◆ Work task ◆
Retype each line of the material below word for word; pictures stay out.

◆ Collected material ◆
*** Begin section ***
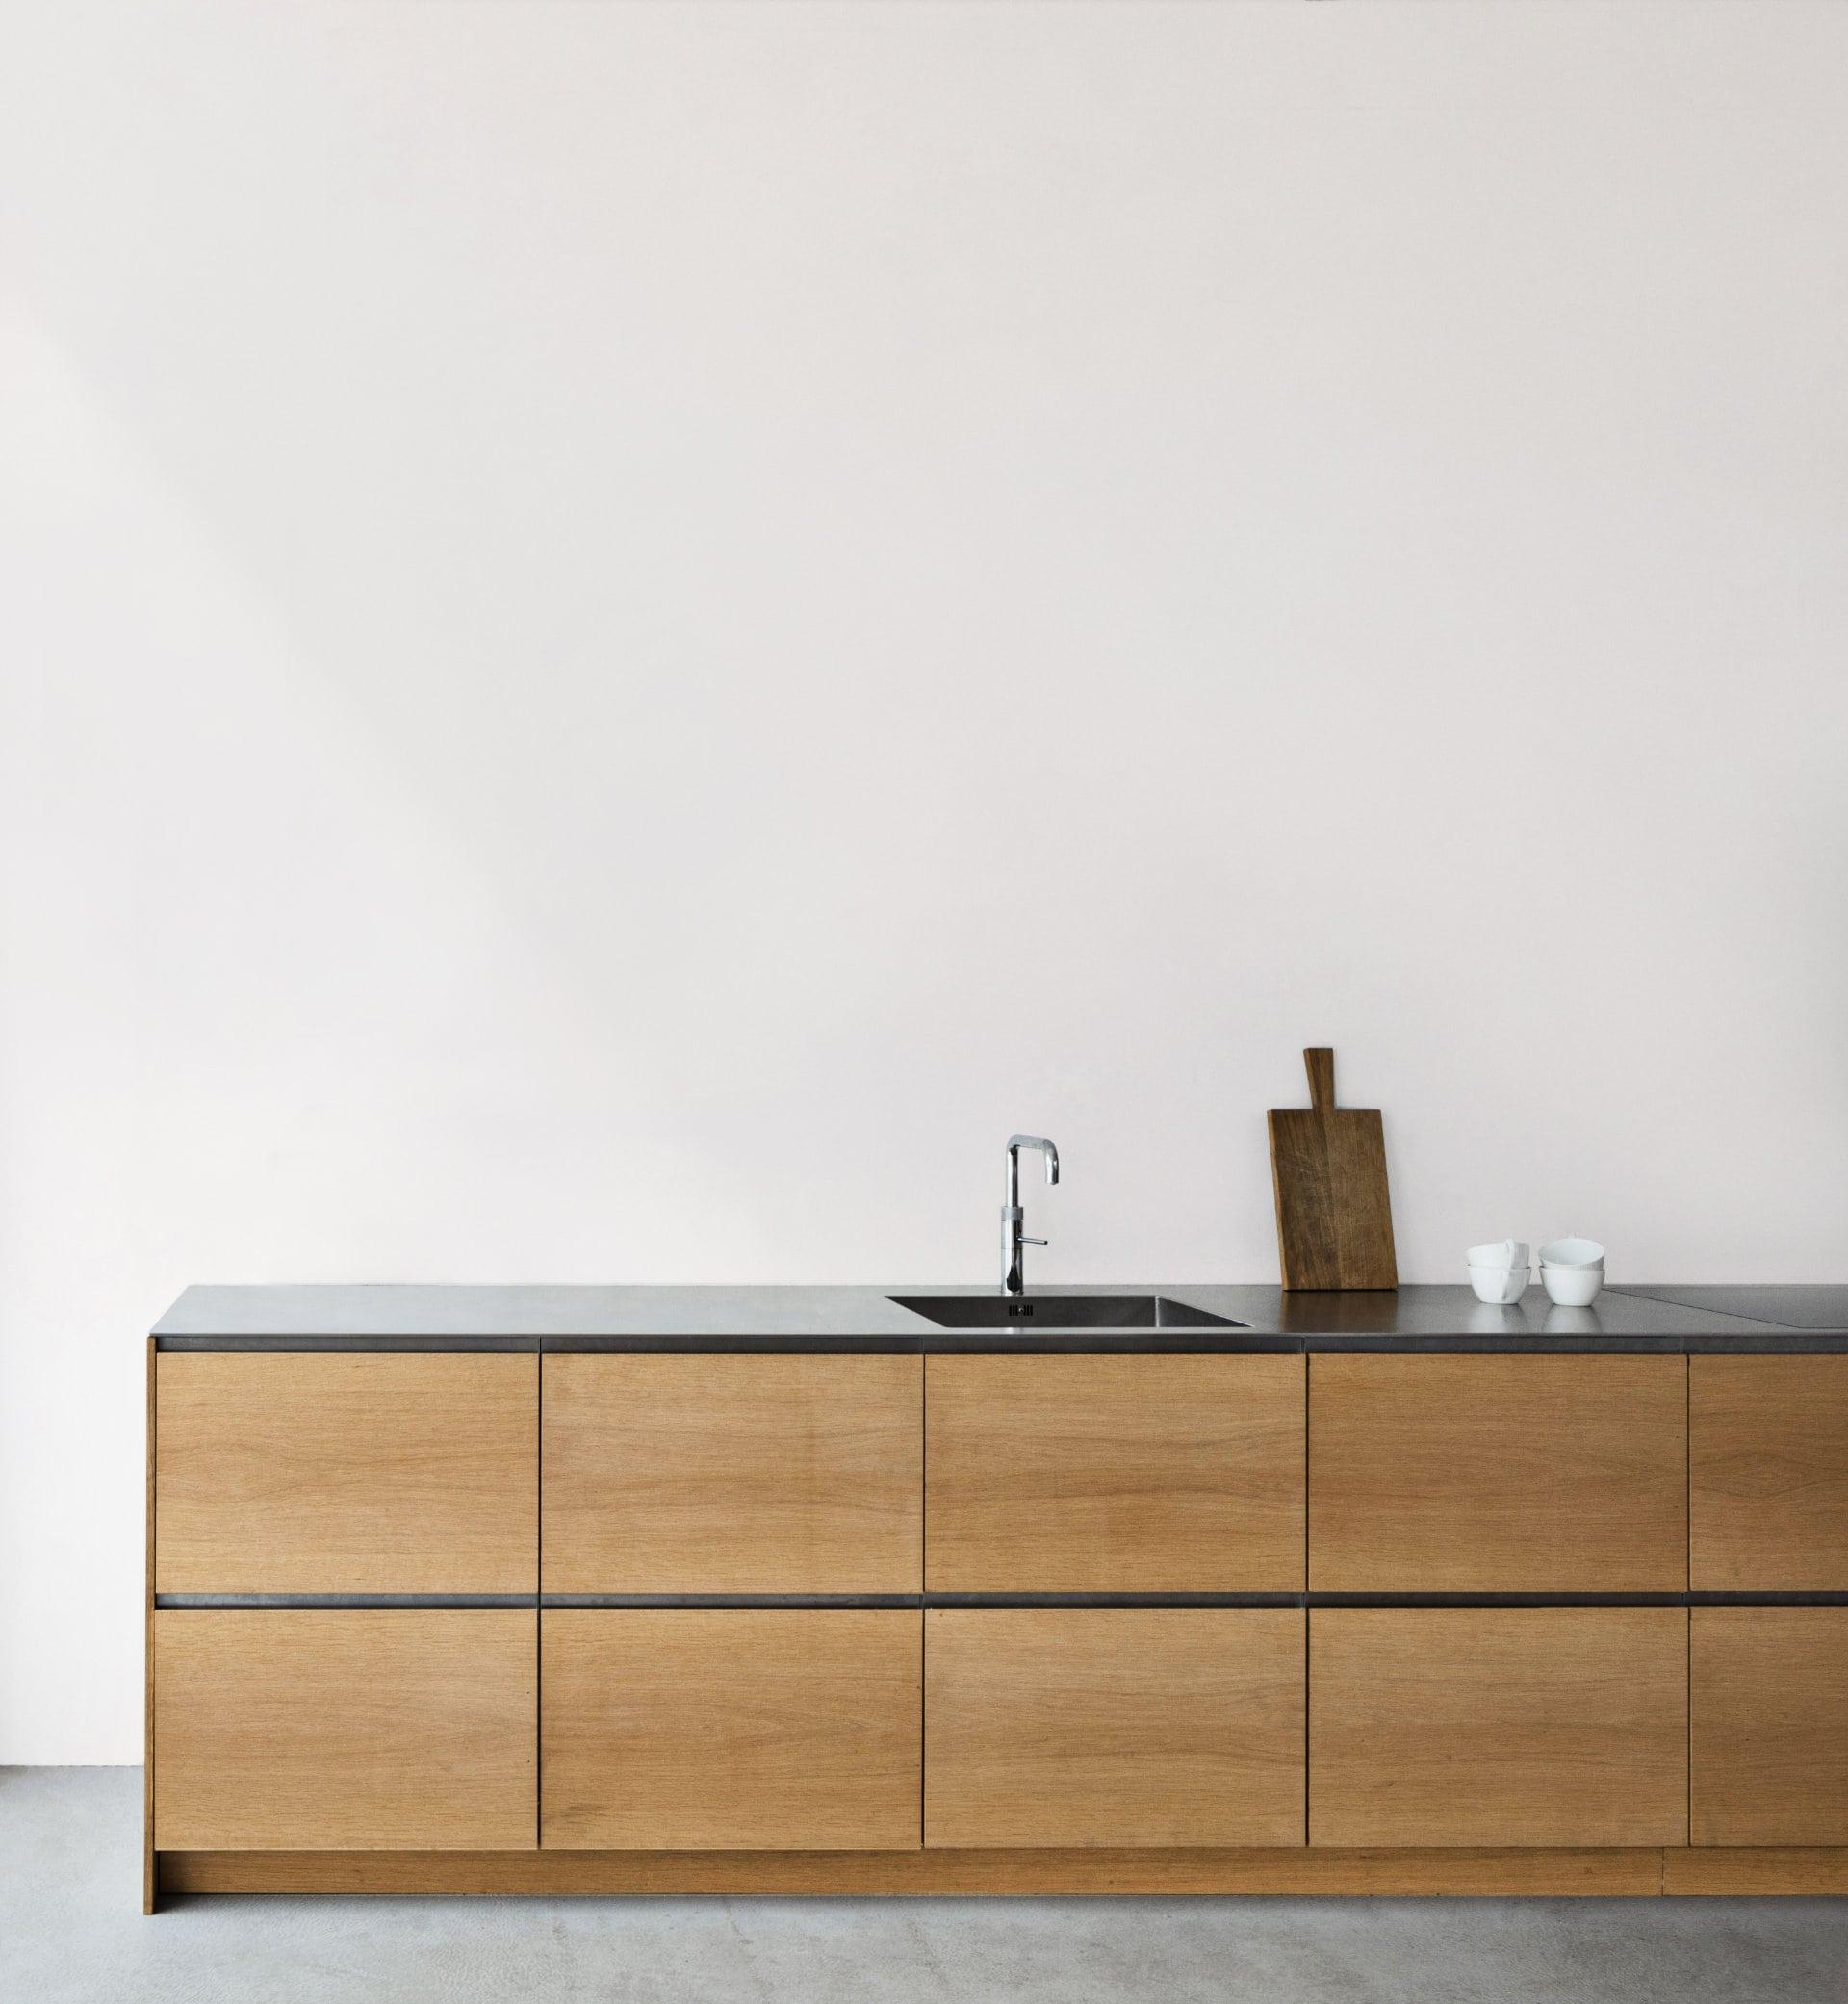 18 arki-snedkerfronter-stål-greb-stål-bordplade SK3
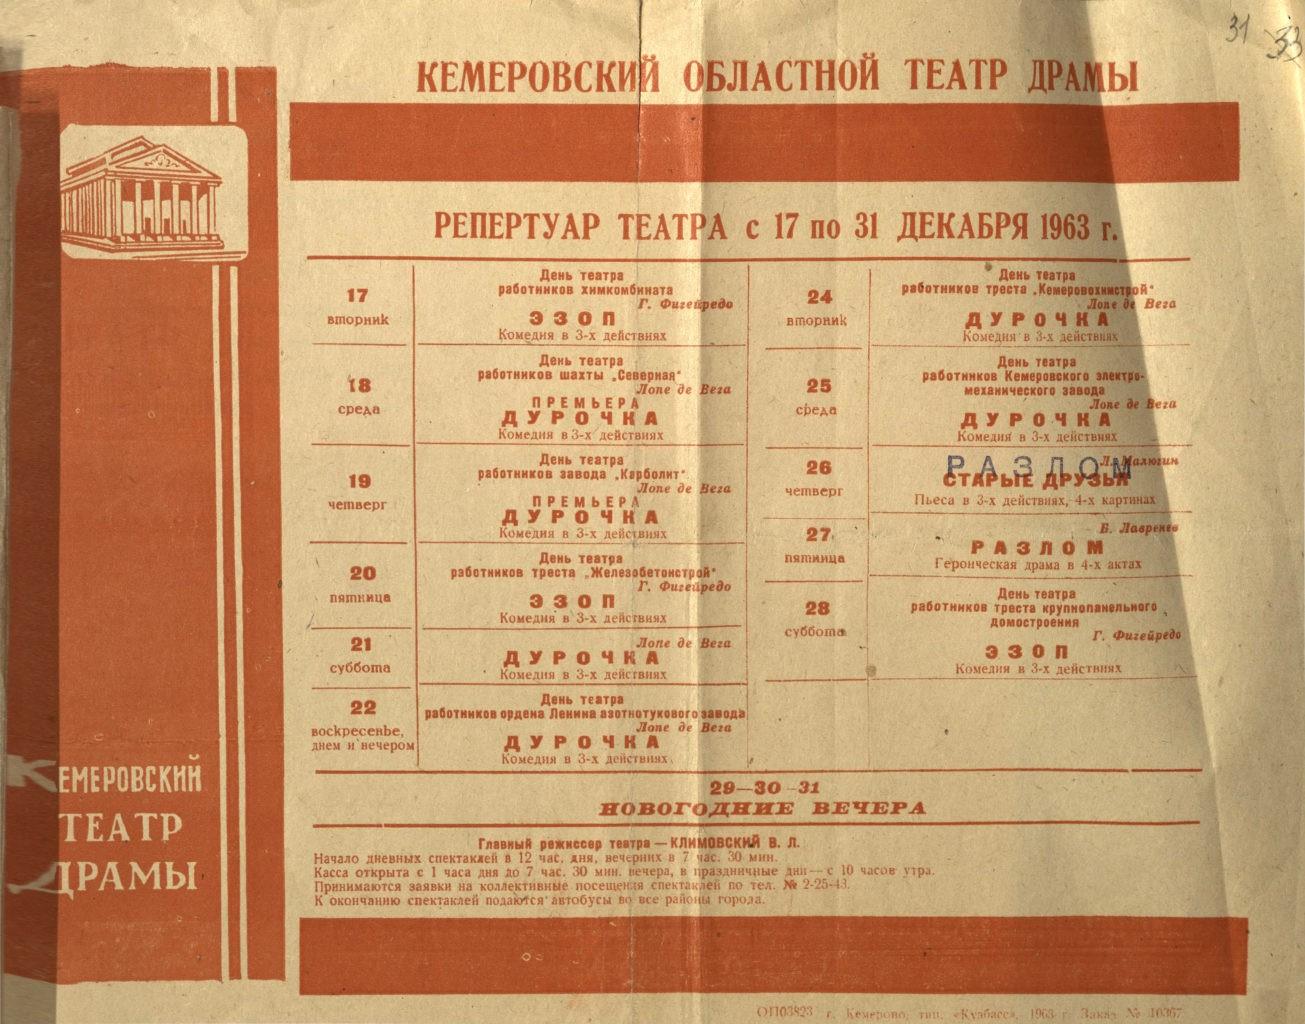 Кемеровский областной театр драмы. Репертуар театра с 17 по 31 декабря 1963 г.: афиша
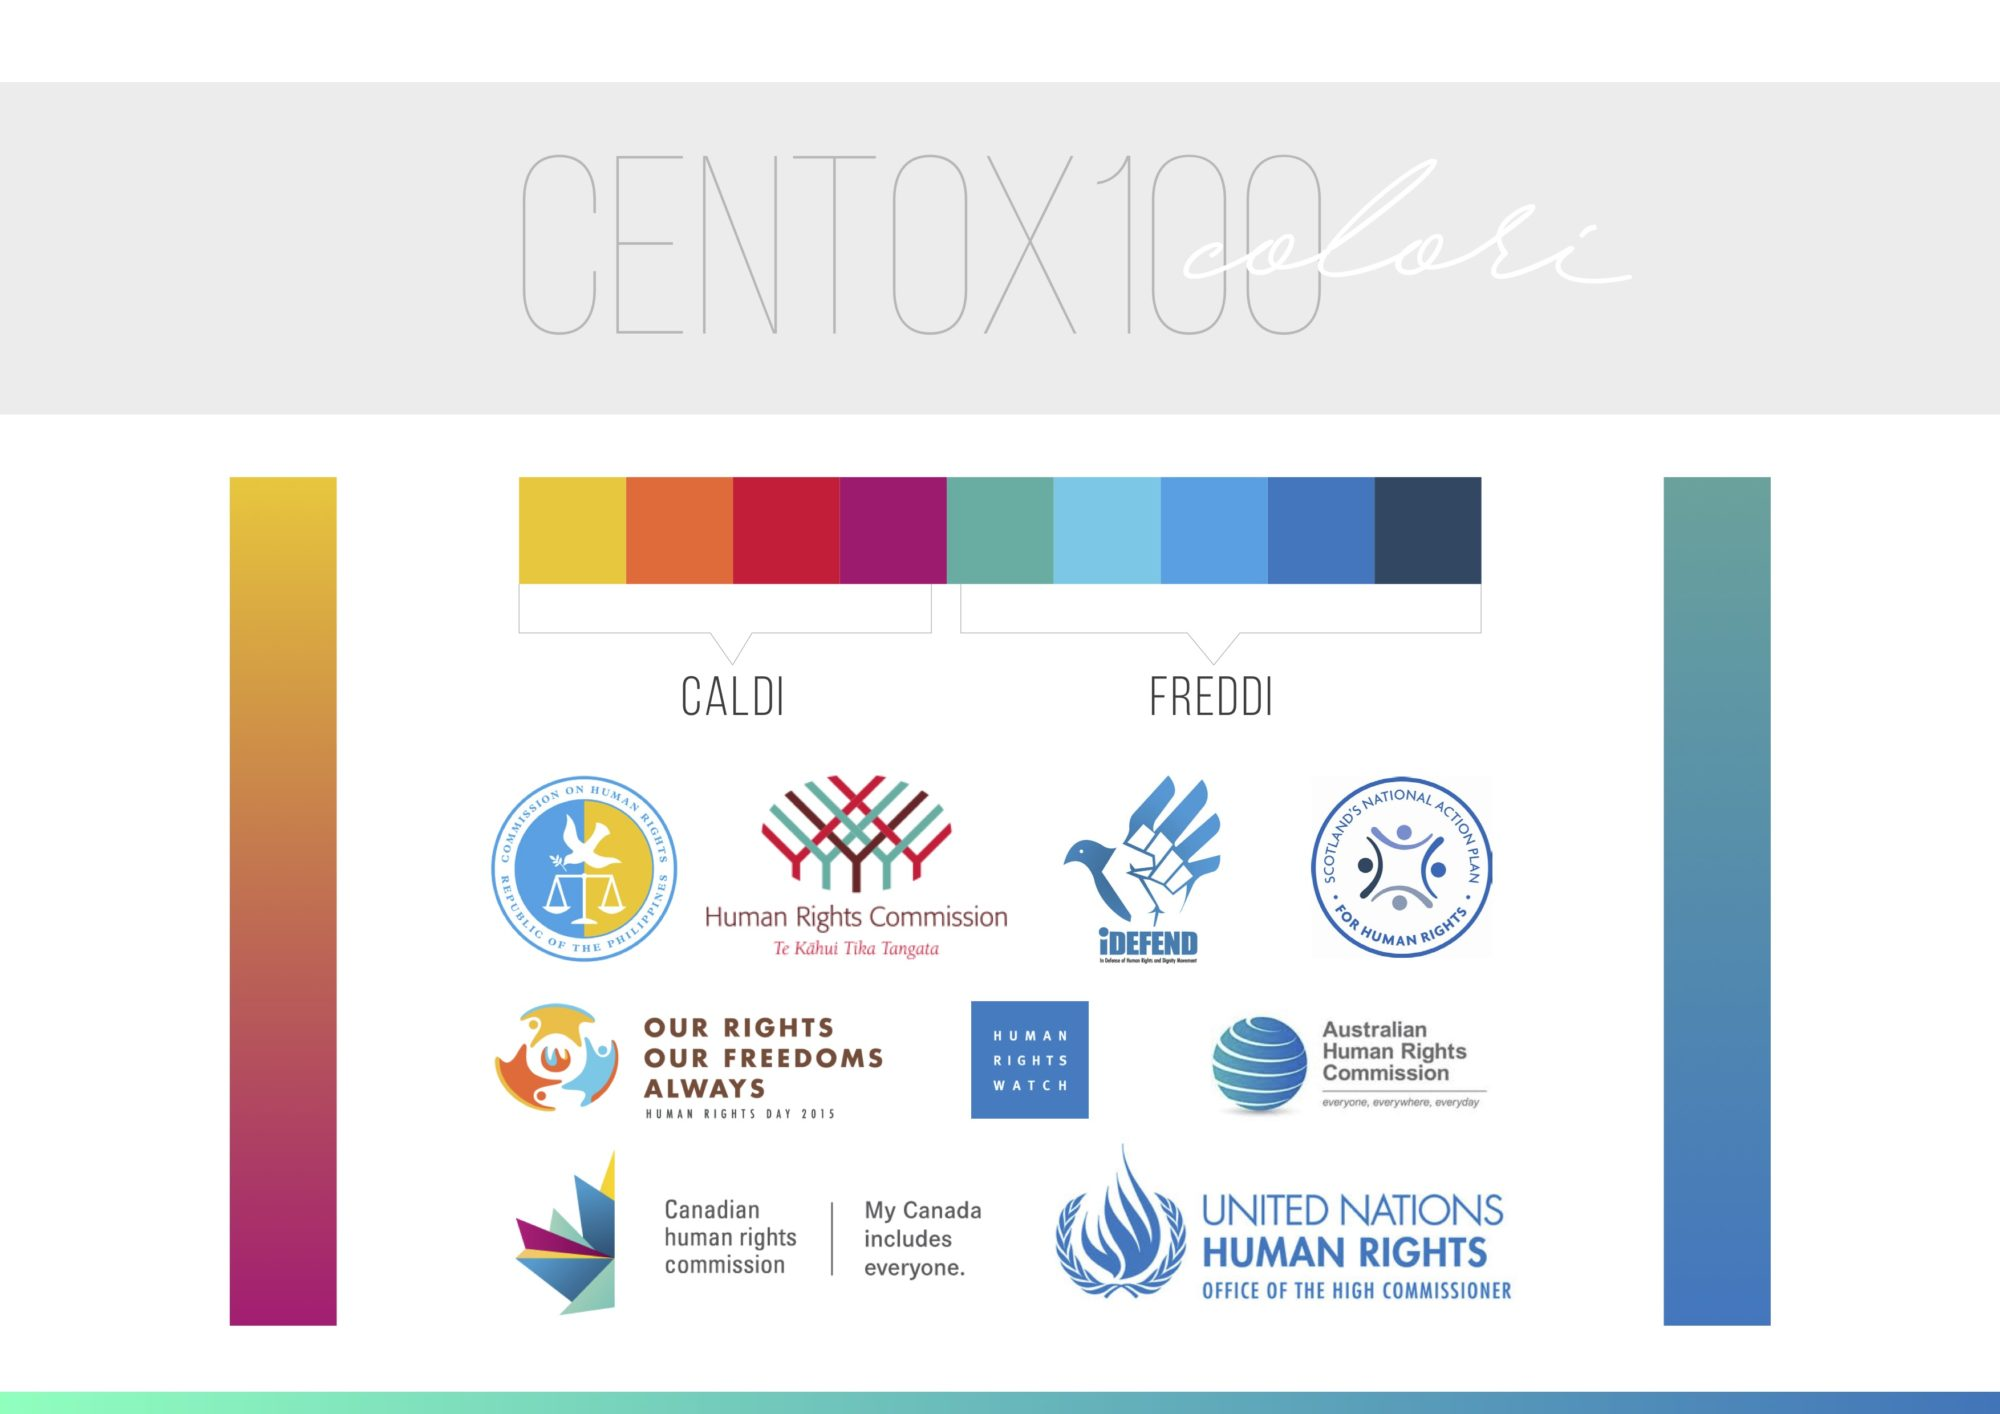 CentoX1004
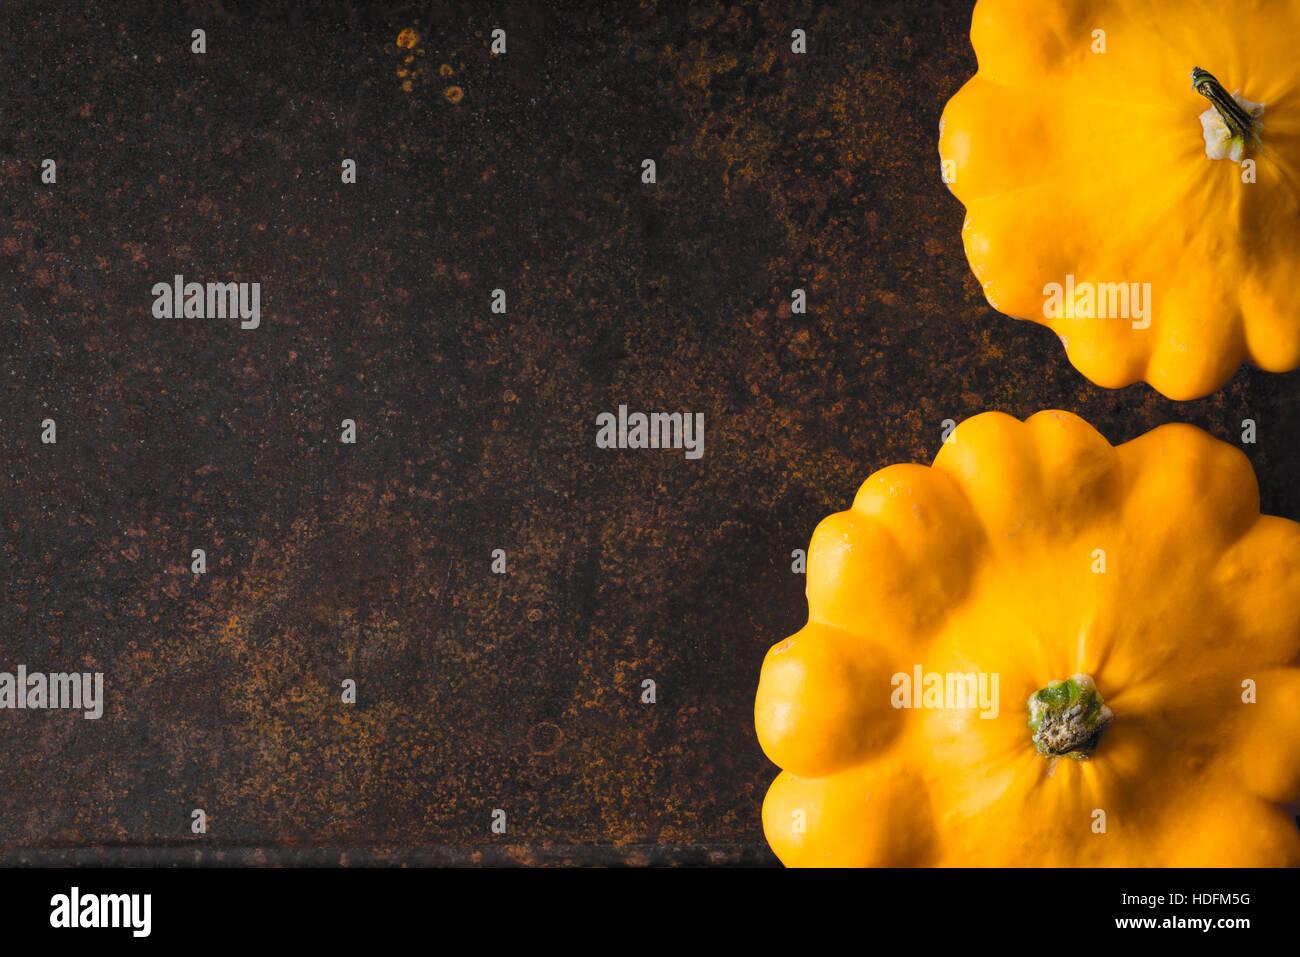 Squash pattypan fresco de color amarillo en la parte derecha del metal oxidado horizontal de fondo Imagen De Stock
*** End section ***
◆ Answer section ◆
 18 arki-snedkerfronter-stål-greb-stål-bordplade SK3
 Кемеровский областной театр драмы. Репертуар театра с 17 по 31 декабря 1963 г.: афиша
 CentoX1004
 Squash pattypan fresco de color amarillo en la parte derecha del metal oxidado horizontal de fondo Imagen De Stock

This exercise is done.